These are the keywords reserved in Shang language. as, automaton, break, builtin, catch, common, conditional, continue, do, else, elseif, end, function, global, if, in, on, parent, private, public, readonly, return, self, stop, this, to, try, until, while, yield

Flow Control

In addition to the normal control structures Matlab has, Shang provides unless-end, until-end, do-while, and and do-until statements. For example
   s = 0;
   k = 1;
   n = 10000;
   do 
      s += 1 / k++;
   while k < n;     // or "until k >= n;"

Plot

Shang is not equipped with built-in functionalities for plotting. A set of programs written in Shang language can create graphics in postscript format. To use it, the program "plot.x" needs to be run first. Here is a simple example

    with("plot.x");
    x = linspace(-pi, pi);
    y = exp(-0.3 * x.^2) .* cos(5 * x);
    z = exp(-0.3 * x.^2) .* sin(5 * x);
    fig = figure.new();
    fig.plot(x, y);
    fig.plot(x, z);
    fig.save("example.eps");
You need a postscript viewer to view, print, or conver the .eps files.

Other data types and constructs

  1. Lists

    Shang does not have cell array, but it has a host of data structures in addition to numerical matrices. Among these data structures, lists are arrays whose elements can be anything, including matrices, strings, functions, tables, structures, and objects. Lists might function similarly to the cell arrays of Matlab.

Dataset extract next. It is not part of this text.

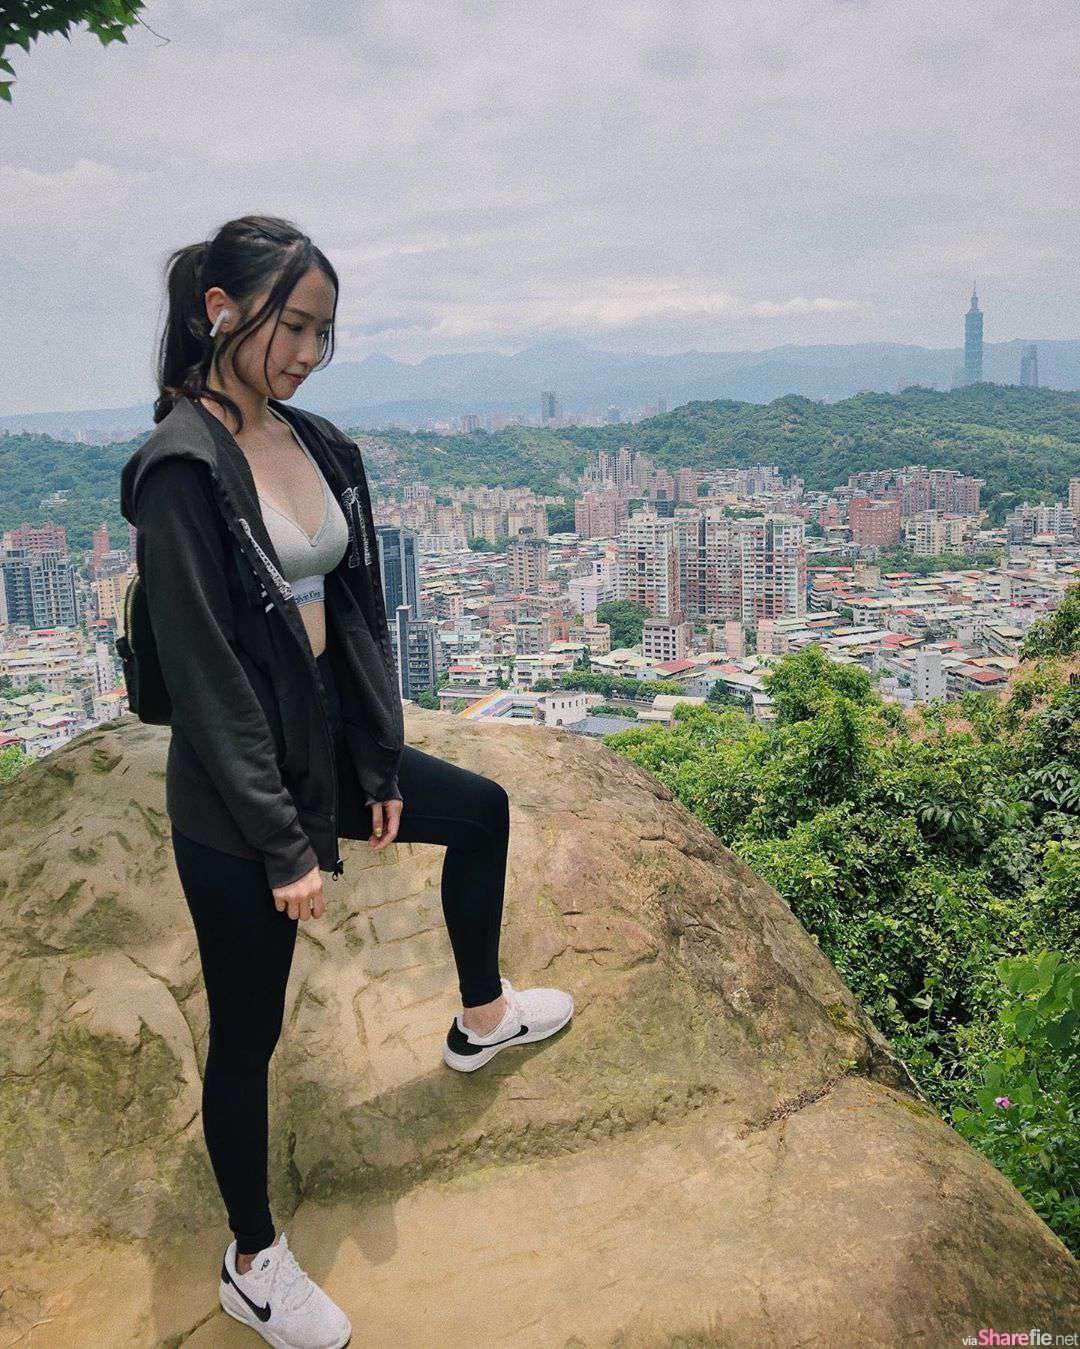 世新正妹运动内衣去爬山,网友:爬山客还好吗

  2. Pointer and Pass by reference

    Shang passes function arguments strictly by value. However, by using pointer, it's possible to emulate passing by reference. The following is how the swap function can be implemented

    swap = function (p, q) -> ()
         temp = p>>;  // store in temp the value pointed to by p
         p>> = q>>;   // p now points to the value pointed by q
         q>> = temp;  // q now points to temp
    end
    
    The caller must pass two pointers to the swap function
    >> a = "AAA";
    >> b = "BBB";
    >> swap(>>a, >>b);
    >> a, b
       BBB
       AAA
    end
    
    If you want to alter an argument value, you also have to pass a pointer. For example
    f = function (p, k, x) -> ()
          p>> [k] = x;
    end
    
    Test it
    >> x = zeros(1, 3);
    >> f(>>x, 2, rand(1));
    >> x
       0  0.239  0
    

  3. Hash Table

    A hash table is a set of key-value pairs. Each value can be retrieved by providing the associated key. Here is how you can create a hash table, retrieve a value, add key-value pair, and update values:

    >> A = {"red" => "maple", "purple" => "lilac", "grey" => "ash"}
    >> A @ "purple"
       lilac
    >> A @ "violet" = "lavender";
    
    A hash table can also act like a function, therefore in the above A("purple") returns lilac as well.

  4. Structure

    A structure is a group of attribute values with each one associated with an identifier. It is very easy to create by using a pair of braces. Each attribute is declared and initialized by assigning the value to the identifier, and all attributes are enclosed in a pair of braces. For example

    >> dims = {length = 15, width = 10, height = 9,
               verify = () -> parent.length * parent.width * parent.heigth <= 1000};
    >> dims.height
       9
    >> dims.height = 12
    >> dims.height
       12
    
    Note that since function is also a data type, attributes of a structure can be functions as well. For example
    >> dims = {length = 15, width = 10, height = 9,
               verify = () -> parent.length * parent.width * parent.height <= 1000};
    >> dims.verify()
       0
    

  5. Stack and Queue

Set

The expression
    x in S
or
    x (- S
tests if a value x belongs to a set S.

The following are several ways to create sets.

  1. Finite set

    Finite sets can be created by listing all the members

    colors = {"red", "orange", "yellow", "green", "blue", "purple"}
    faces = {1, 2, 3, 4, 5, 6}
    
  2. Interval

    Intervals of real numbers are created by using the to operator

    I1 = -1 to 1;        // closed interval [-1, 1]
    I2 = -1+ to 1-;      // open interval (-1, 1)
    I3 = (-1 to 1-);      // interval [-1, 1)
    I4 = (-1+ to inf);     // (1, infinity)
    

  3. Sets Defined by Functions

    Any function can be used as a set. If the logical value of f(x) is true, then x is considered a member of set f. For example

    S = x -> (x <= 0 || x >= 1);
    

    There are many built-in sets (or built-in functions), for example, _R is the set of all real numbers, _R2 is the set of all vectors of real numbers of length 2, etc.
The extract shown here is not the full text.